Additionally, treatment for aggressive behavior can significantly reduce the harmful effects that would otherwise ensue if a child or adolescent does not receive care for this type of problem. Young people with belligerent behaviors have an increased likelihood for interaction with the legal system and disciplinary action at school if aggressive tendencies remain. The first step towards avoiding these effects is to consider and seek an evaluation from a mental health professional so that appropriate and effective care can be recommended. During the evaluation stage of the treatment-seeking process, a preliminary diagnosis can be decided and treatment options can be discussed in terms of what type of treatment will afford a youth with the greatest likelihood for successful treatment outcomes.
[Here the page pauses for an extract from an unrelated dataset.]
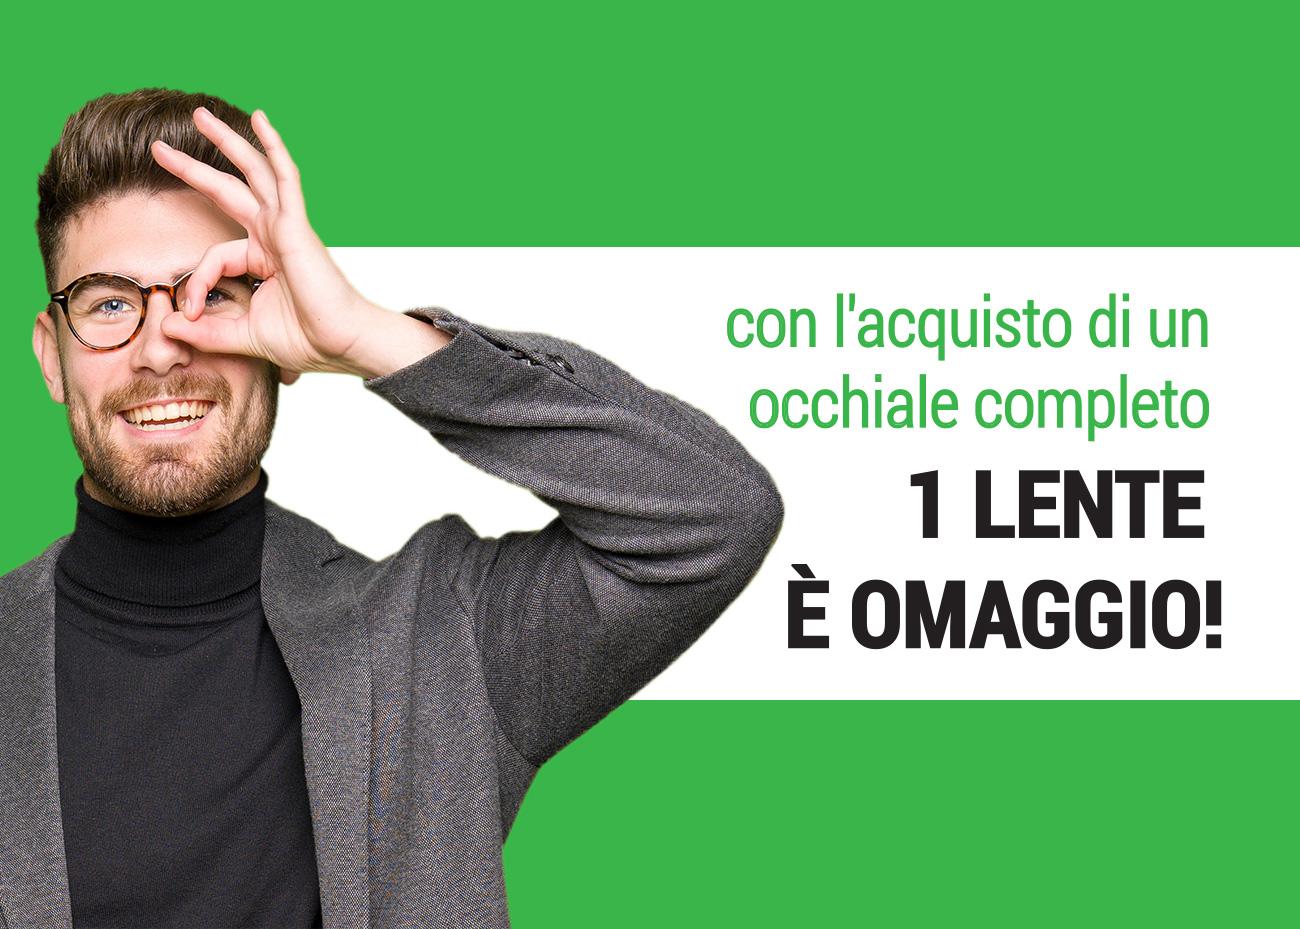 1 lente omaggio, Campagna dei Centri Ottici Associati, Centro Ottico Anzola

One such treatment option that has proven effectiveness in helping youth learn to manage aggressive tendencies is residential treatment. Within this type of treatment setting, youth are able to receive ongoing support from professionals who are trained to provide care for young people who are overtly aggressive. These professionals are also able to intervene at a moment’s notice should a violent outburst occur and have the time to help youth process why such behavior is not appropriate. Additionally, children and adolescents who partake in residential treatment can receive care for any existing mental health condition that may be causing aggressive behaviors. Psychiatrists are also on hand in residential treatment and can recommend and prescribe medications if it is deemed necessary for a youth’s care. Lastly, given the secure setting that is part of residential care, young people who display aggressive behaviors have a safe place to process their thoughts and practice newly learned coping skills that can ultimately be of service long after treatment is complete.